Chapter 32 #2

I think—no, I know—he would’ve been a really good dad.

I see it in the way he talks about Nora.

In the way he still gets a little choked up when he mentions Violet, like he never stopped being her dad, even if he never got to meet her.

There’s so much heart in him, so much goodness, and sometimes I wonder how he carries all of it around without falling apart.

I’d sworn I wouldn’t fall in love again.

That I wouldn’t hand over my heart—so unguarded, so fragile, so bare.

I’d convinced myself it was safer to stay in control.

Love, the way I’d known it before, was complicated and conditional.

It made me feel like I was too much and not enough all at once.

Like I had to bend and stretch just to be worthy of staying for.

But this? With Sawyer? It doesn’t ask me to be anything but who I already am.

It’s in the way my body settles against his at night, like it’s found the place it was always meant to rest. It’s when he tells me a story about his childhood and I find myself wishing I’d been there—wishing I’d known him then, too.

It’s the way I can feel his eyes on me in a room full of people, as if I’m the only one he sees.

It’s how just the thought of spending another day with him makes me feel like I’ve won some impossible lottery—like somehow I got lucky enough to exist at the same time as him.

I don’t know if he loves me back. He hasn’t said it, but I know that if he ever did—if those words ever left his mouth—I wouldn’t hesitate. I’d say them back before he could finish.

Somewhere along the way, my heart stopped belonging just to me. It found a home in him. And I haven’t felt even the smallest urge to take it back.

“Oh my god,” Lark says suddenly.

My eyes snap up to the screen. “What?”

She’s smirking now, in that annoying older-sister-by-proxy kind of way. “You love him.”

My hand stills, the lip liner clutched awkwardly between two fingers. “You can’t possibly know that.”

“I do.” Her voice is gentle. “Wren, come on. I’ve known you since you were five. That look on your face? That’s the exact look I’ve had on mine every day of my life loving your brother.”

I make a gagging sound and toss the liner onto the counter. “Well, thanks for that visual. Could’ve lived without it.”

Lark laughs, but when I glance back at the screen, her smile softens. She leans forward like she’s about to tell me something important.

“Okay,” she says. “I’m gonna give you some sisterly advice, and I want you to listen to me. Got it?”

I sit down on the closed toilet lid and set the makeup bag in my lap. “Alright. Fire away, wise one.”

“You deserve it. All of it. Every ounce of love Sawyer has to give you—you deserve it.”

I don’t say anything. Mostly because I’m shocked and not sure I can.

“You’ve spent your whole life thinking you have to earn things that should’ve just been given to you. Like love is some limited resource and you’re only allowed a little bit if you work hard enough or ask nicely. But that’s not how it works, babe.”

I swallow hard, my eyes trained on the tiled floor.

“You’re not too much. Or too complicated. Or too honest. You’re not a burden or an afterthought or some extra thing to manage. You’re someone that people are lucky to love. And Sawyer—he already knows that. So let him, okay?”

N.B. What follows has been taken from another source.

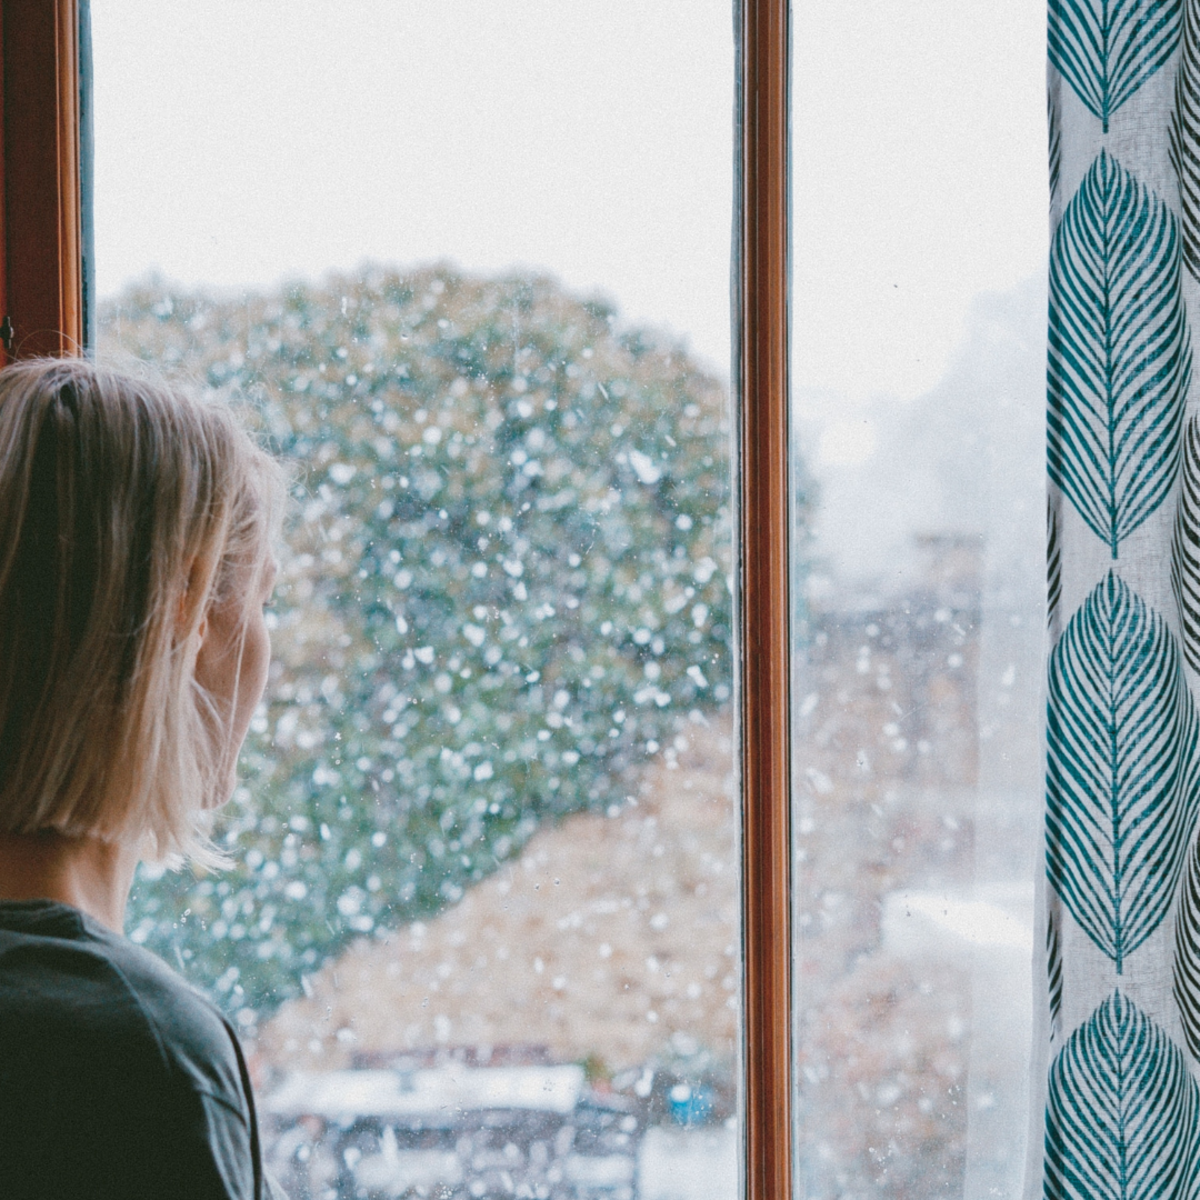 Sadness and Depression in Winter: Seasonal Affective Disorder (SAD)

I blink up at her. My throat feels tight.

“I mean it,” she says. “You’re allowed to have this. You’re allowed to be happy.”

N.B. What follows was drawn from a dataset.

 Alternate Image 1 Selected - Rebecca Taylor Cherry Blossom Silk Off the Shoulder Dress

And just like that, I can’t hold it in anymore. I press my fingers beneath my eyes, trying not to smudge all the work we’ve just spent the last thirty minutes on.

Lark sees it, but she just smiles again and says, “Also, maybe add a little setting spray. You’re getting weepy on me.”

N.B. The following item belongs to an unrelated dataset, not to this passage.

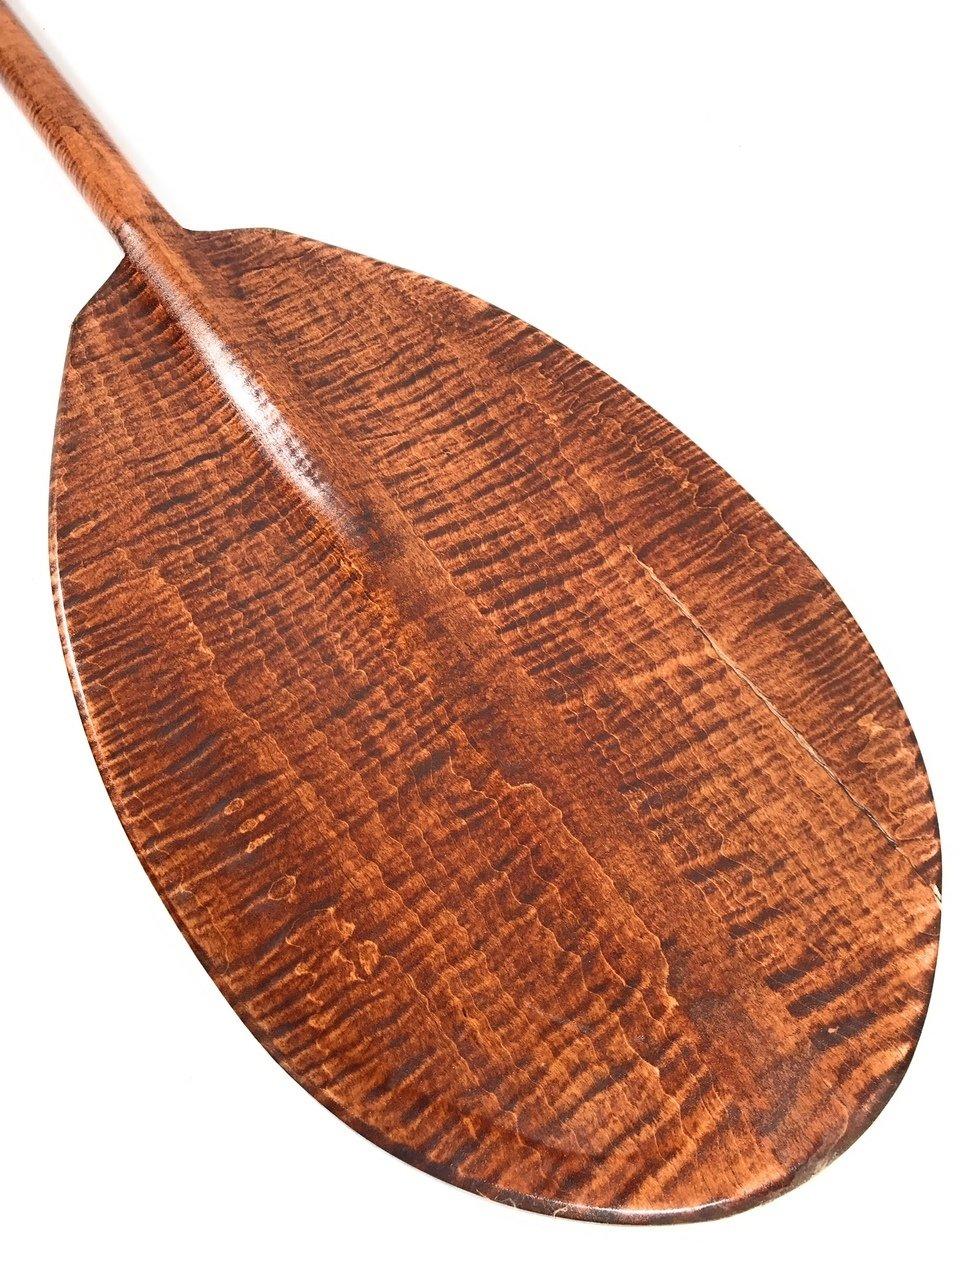 Steersman Decorative Paddle 60'' - Tiger Curls | #koa6095

I let out a wet laugh. “Yeah, yeah. I’m on it.”

Lark grins, proud of herself—which, honestly, she should be. Then she claps her hands together and leans closer to the screen. “Alright. Now we’re gonna teach you how to use this curling iron without setting the hotel on fire.”

I glance warily at the metal wand sitting on the counter. It looks suspiciously like a medieval torture device. “If I burn my ear off, I’m blaming you.”

“Fair. But you won’t. We’re gonna start with small sections, okay? You don’t need to do your whole head, just a few pieces around your face to make it look like you put in effort.”

I nod, turning the curling iron on and watching the little red light blink to life.

“And when you’re done,” she adds, voice soft but sure, “you’re gonna put on one of those stunning dresses you brought. The one Miller picked that makes your ass look amazing.”

I snort. “She said it makes me look like I ‘have the secrets of the universe stored away back there.’”

“Exactly,” Lark says. “And then you’re gonna walk into that gala like a badass, because that’s exactly what you are.”

She pauses, eyebrows raised. “Got it?”

My chest is still a little tight, but I breathe through it and swat away a few stubborn tears with the back of my hand. The curling iron hums quietly in my hand, heating up like it’s waiting for me to step up.

I look at Lark’s face on the screen—steady, familiar, full of the belief I still don’t always have in myself—and nod.

“Got it.”

And maybe, for the first time in a long time, I actually do.